Addressing the media after the first meeting of the new cabinet of Chief Minister Ashok Gehlot , the state Health Minister Raghu Sharma siad that “The cabinet abolished the minimum educational qualification needed for contesting civic polls and the decision was taken considering the constitutional right of every individual to take part in the democratic process,” said

In the run up to the just concluded state assemblye elections, the Congress in its Rajasthan poll manifesto had promised to do away with the condition of minimum educational qualification for contesting local body elections in the state. The party's promised to remove the minimum educational qualification condition was for both urban and rural bodies.

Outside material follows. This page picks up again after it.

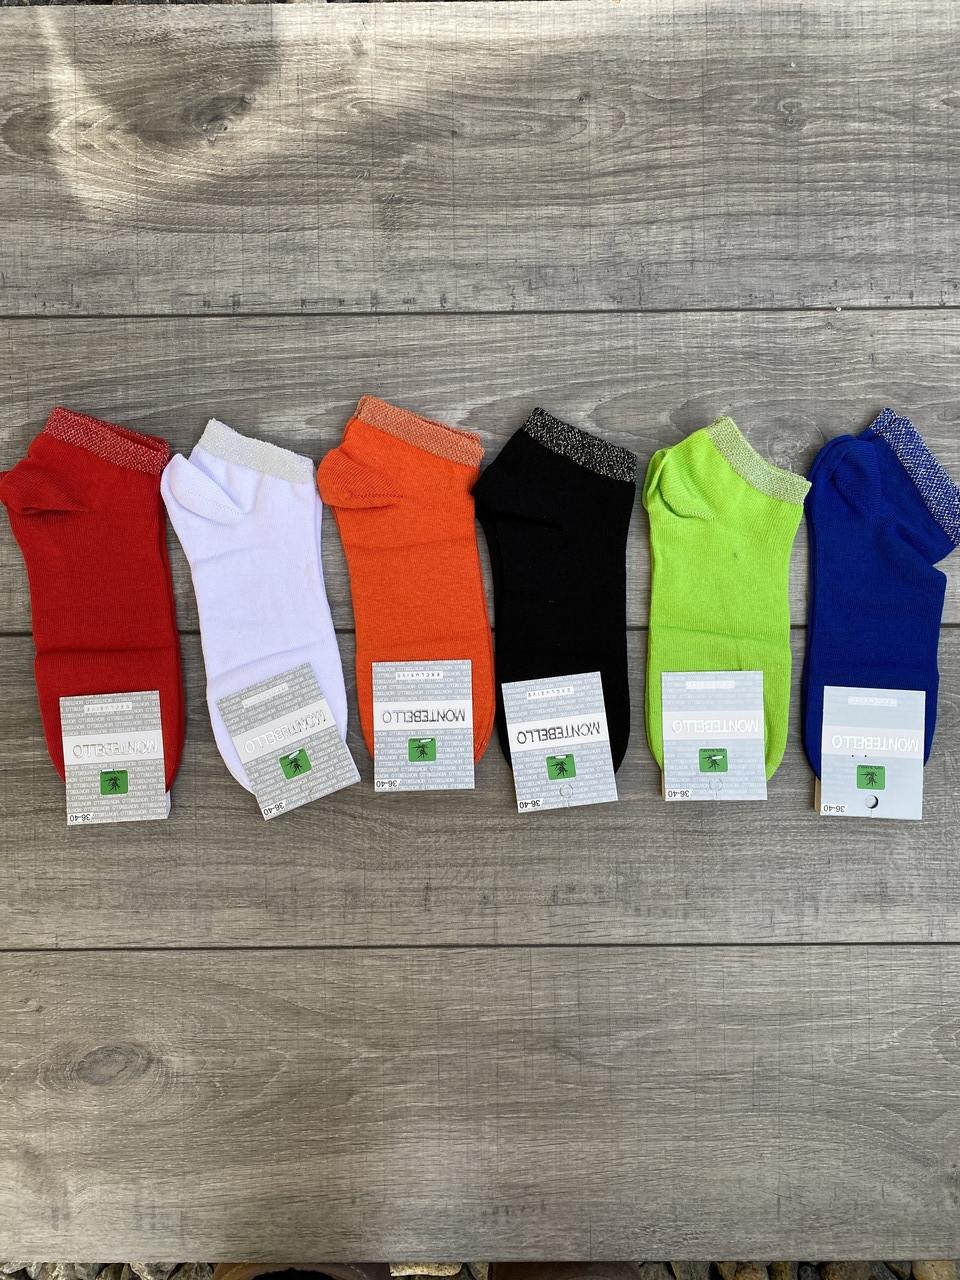 Жіночі шкарпетки патіки бавовна Montebello однотонні з люрексом 35-40 12 шт в уп мікс 6 кольорів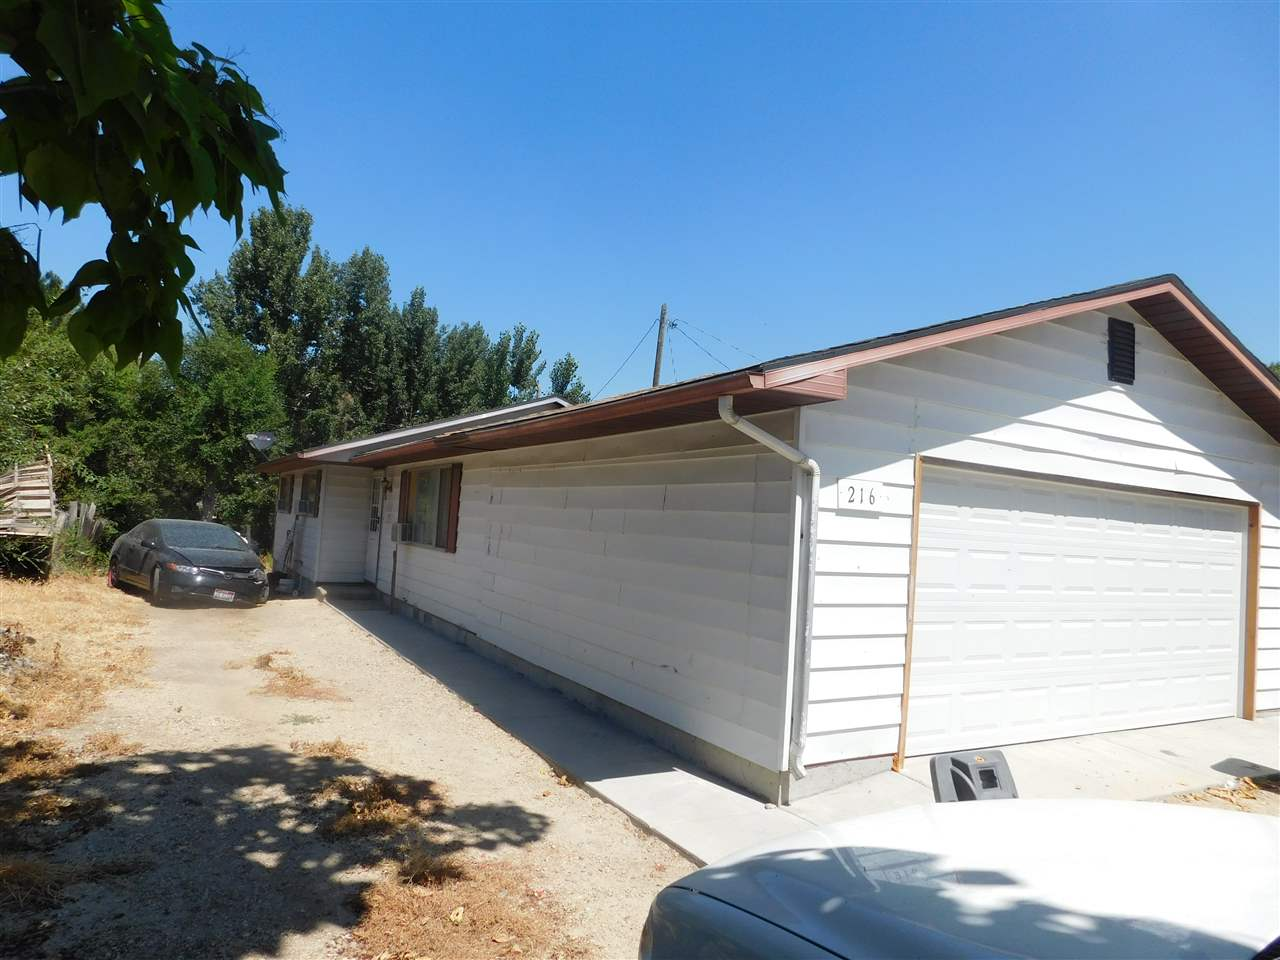 独户住宅 为 销售 在 216 N 1st Street 216 N 1st Street Marsing, 爱达荷州 83639

When the rule was stipulated by the Vasundhara Raje-led BJP government, many activists(most of them linked to Congress and Communist party) claimed that the move was deeply discriminatory given that literacy level is only 61 per cent in among Rajasthan’s rural population and there are only 45 per cent literate women in rural Rajasthan (Census 2011). They also claimed that only 18 per cent of rural Rajasthan’s population had studied beyond grade 5 and only 5 per cent of rural women have education above grade 5. However Raje government stood firm and implement its decision to stipulate mininum education qualification.

Later, the BJP government in Haryana too followed suit and implemented a minimum education criterion for contesting elections in rural and urabn local bodies.

Interestingly the Supreme Court of India has upheld the principle of stipulating minimum criterion for fighting elections. The Court’s interpretation is based on the fact that uneducated or illiterate people getting elected to the local bodies can easily be misled by officials if they don’t know to write and read. In such cases, administrative actions that they are going can pose many challenges. The Court has further observed that it is only the education which can give people the power to differentiate between right and wrong, and good and bad.